$T_avg = hC+(1-h)M$
where,
$h$ : is the hit ratio of cache
$C$ : is the time to access cache
$1-h$ : is the miss ratio of cache
$M$ : is the time to access memory
Memory in a computer is organized in different hierarchies to speed up the access to memory. This memory are organized from small size (and fast access speed) to big size (slow access speed). A typical organization looks as below:
CPU first accesses Cache for getting the desired block of data. To do so, it takes $C$ unit of time. If the block (which CPU is looking for) is found, then such a scenario is called Cache hit. The search is complete at this point and block of data in cache is transferred to CPU (via bus). If, however, the block is not found in Cache, then such a scenario is called Cache miss. CPU will then try to access Memory for getting desired block of data. To do so, it takes $M$ unit of time. Now the block of data would be found in the memory (yes it would be found, otherwise, if even there it is not found, then it is a different concept altogether i.e paging, which is currently out of scope of this discussion).
Now, let me take one example:
Assume that there are 100 instructions which CPU has to execute which would need certain block of data from (cache / memory). Let us assume that cache would be hit for 80% of the instructions. This means for 80% of the instructions, the block of data would be found in cache. Let Cache access time be $10ns$. While for rest 20% instructions, the block of data would have to be taken from memory. Let memory access time be $100ns$.

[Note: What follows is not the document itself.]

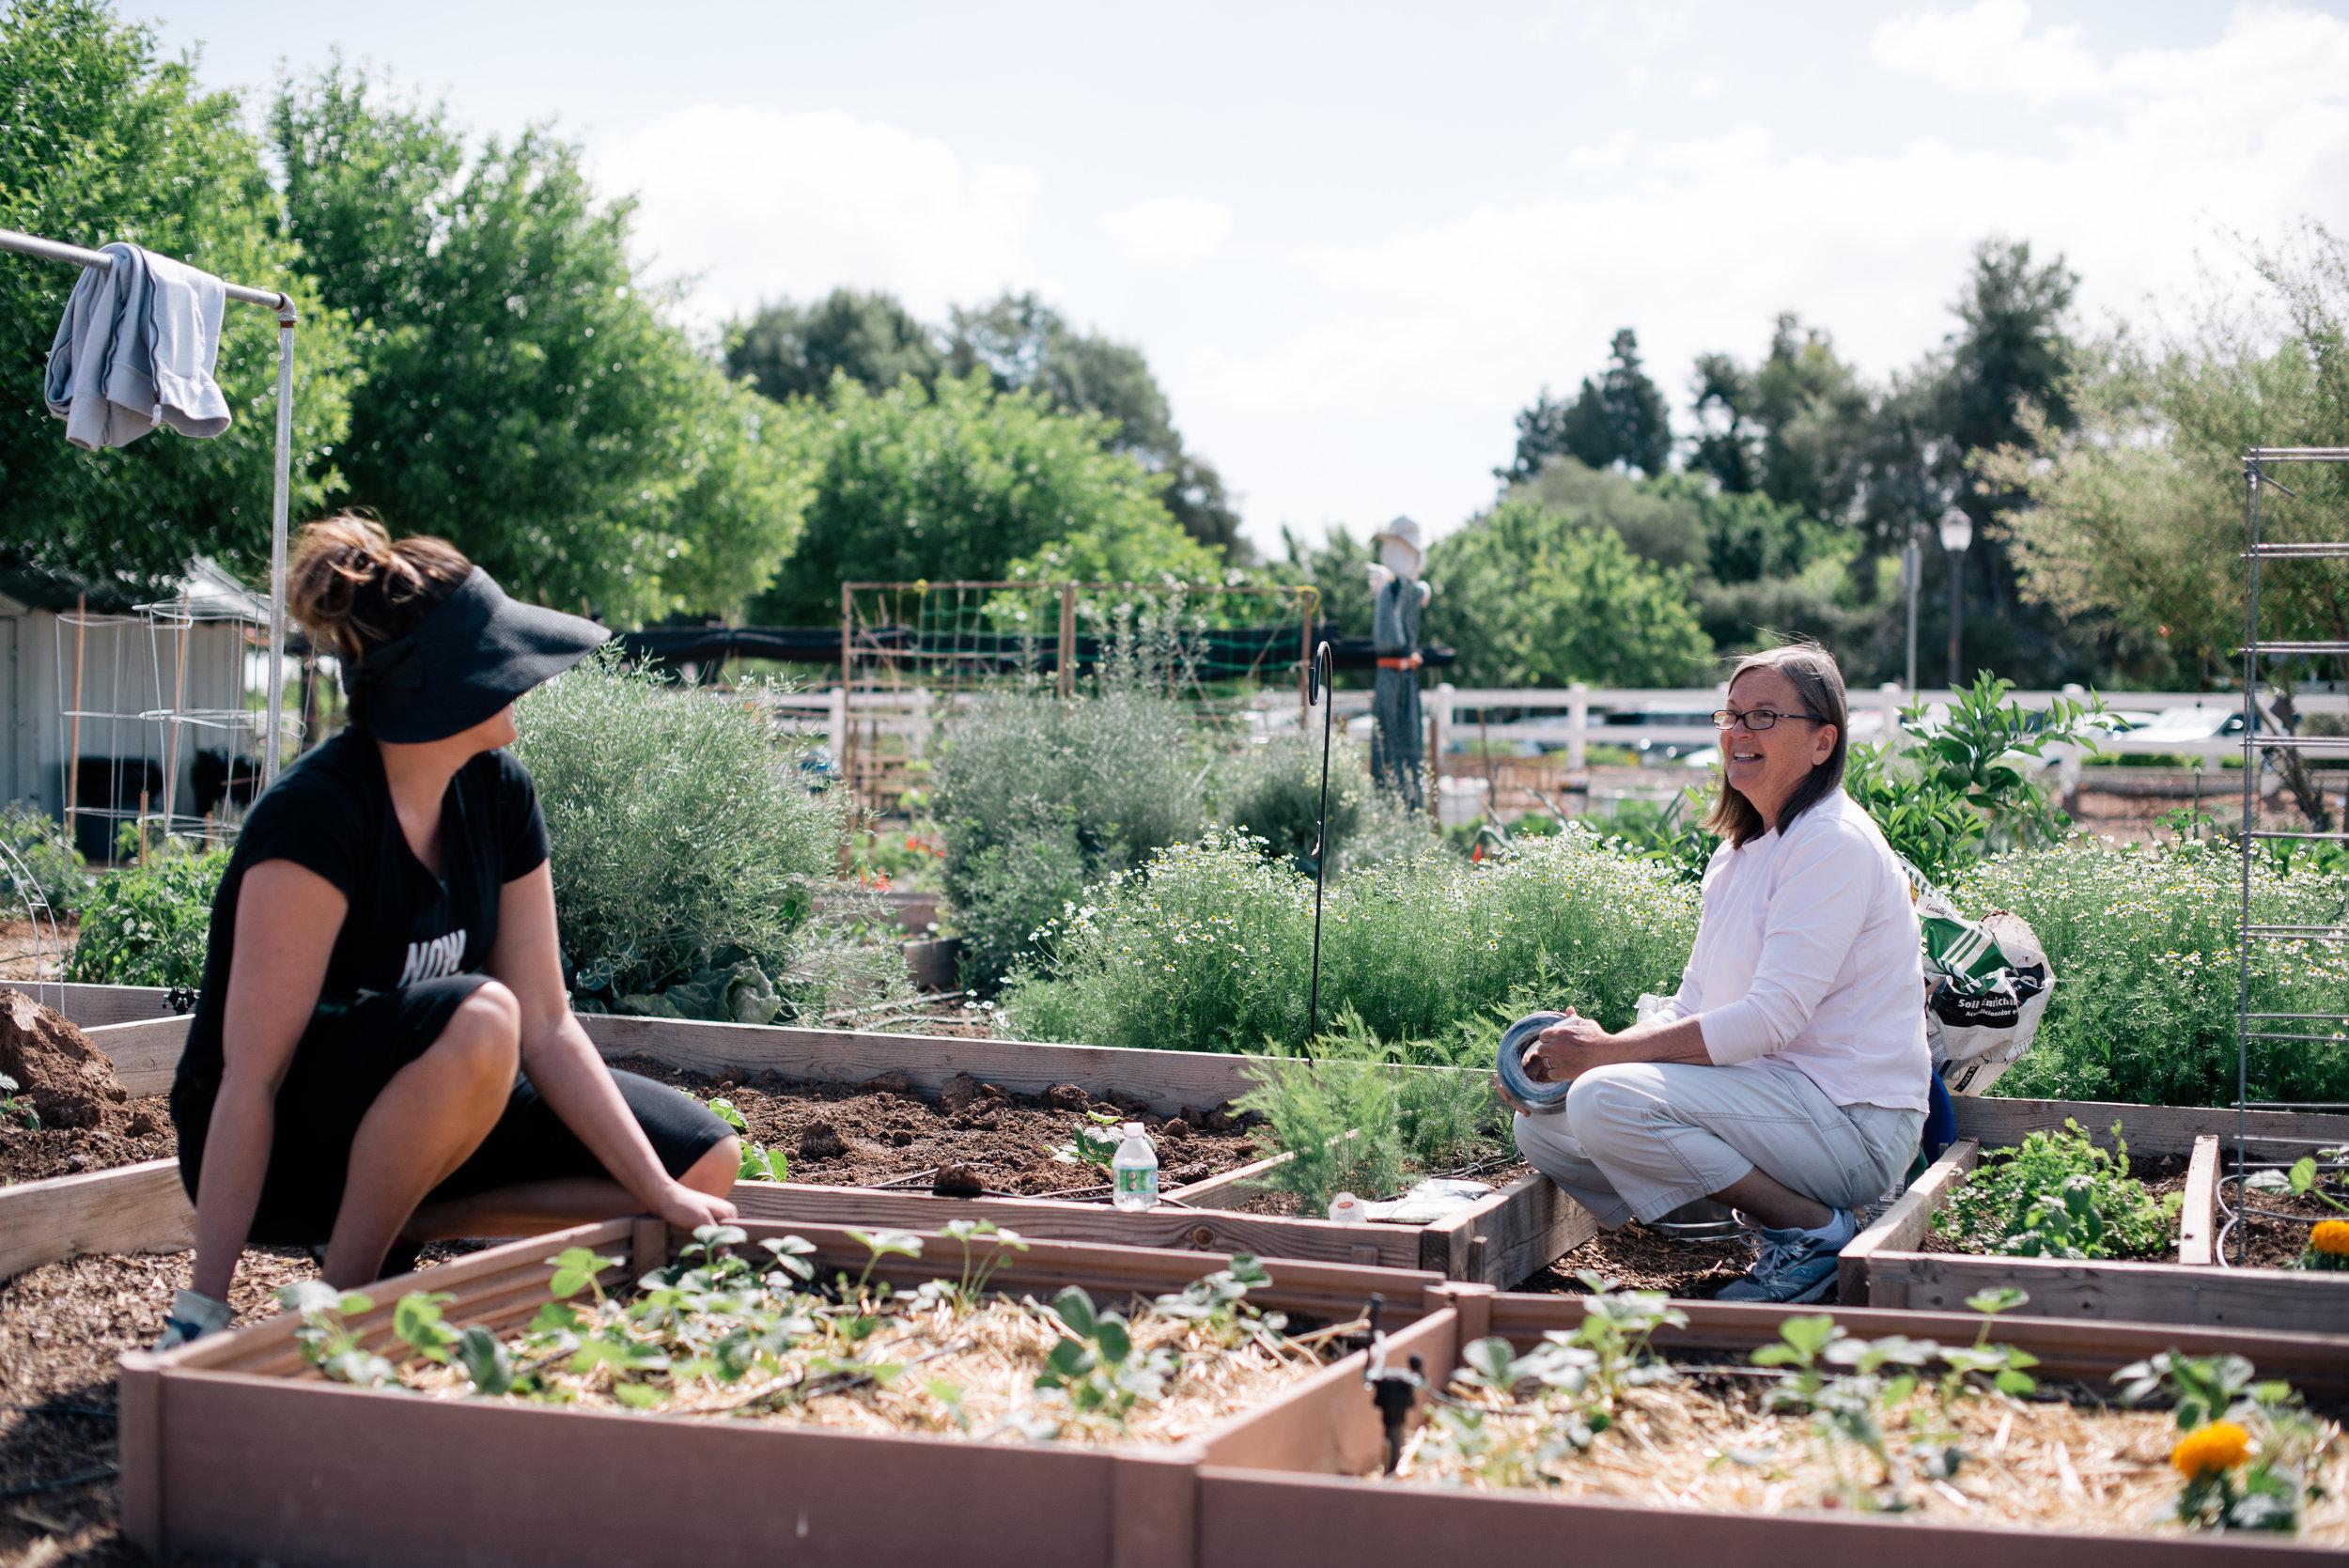 garden tid bits-2.jpg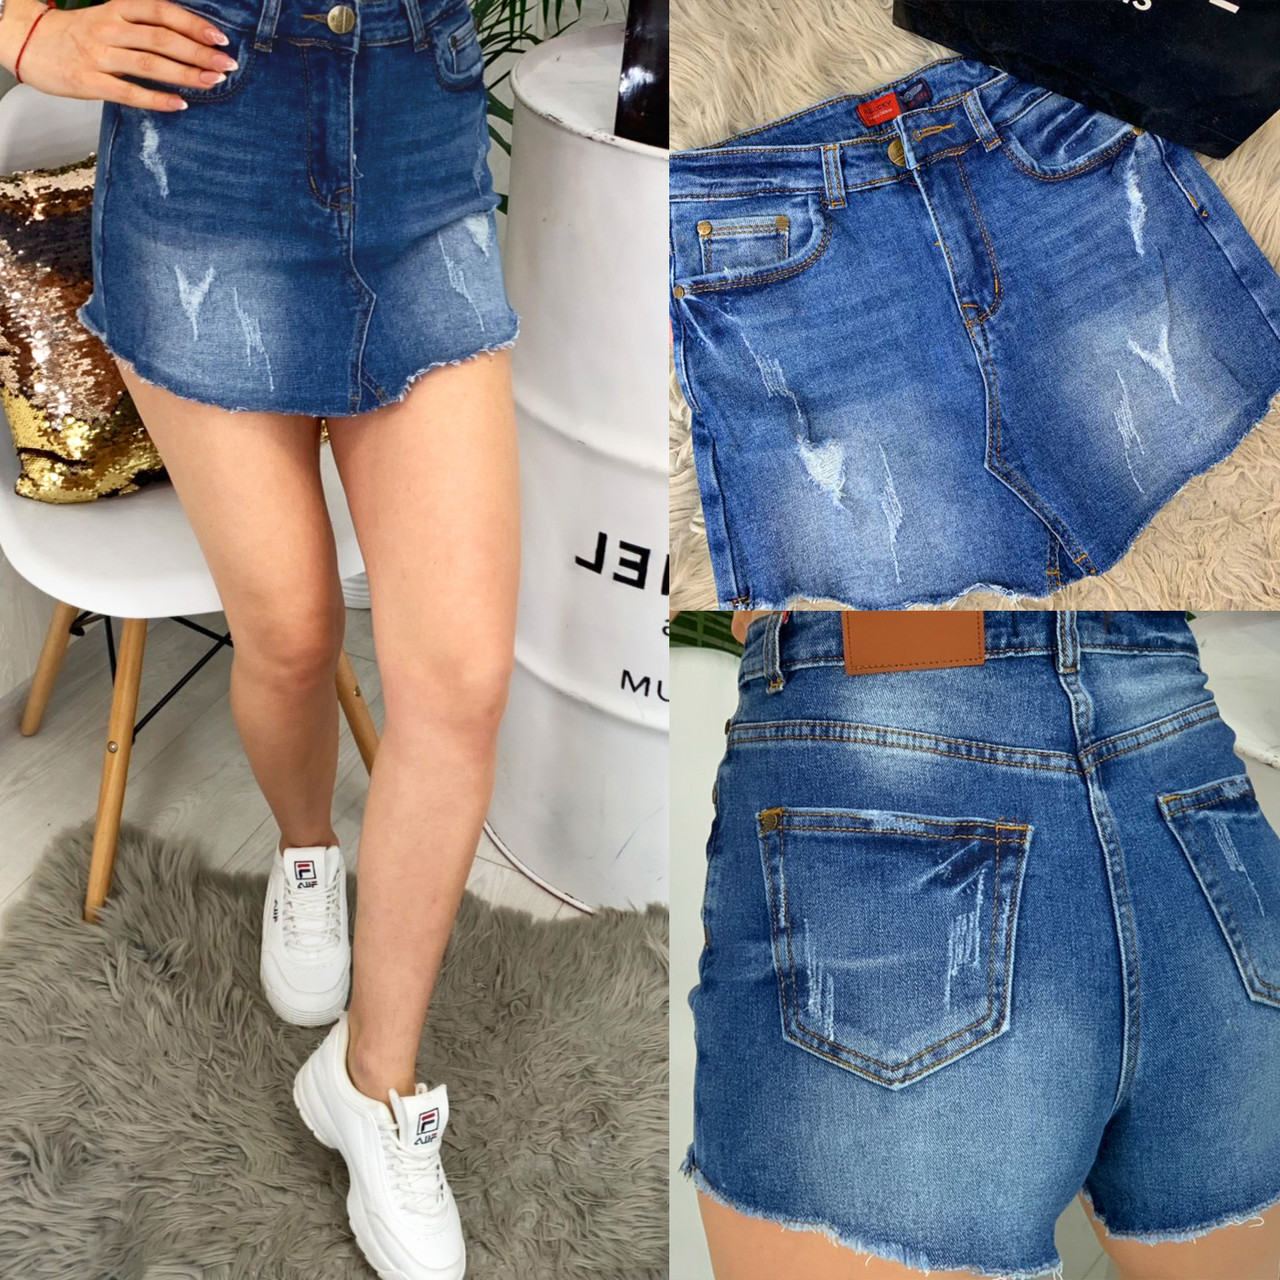 Шорты - юбка джинсовые с царапками ( A 0102-9 Relucky )

So $80$ instructions would be executed in
$80 * 10 = 800ns$
While, 20 instructions would be excuted in
$20 * 100 = 2000ns$
Total time take to execute $100$ instructions would be $2000 + 800 = 2800ns$
So, on an average an instruction would be executed in $2800 / 100 = 28ns$
Alternatively, using your formula
On an average, an instruction would take below amount of time to execute
0.8 (10) + 0.2(100)
8 + 20
28 ns
Hope this helps !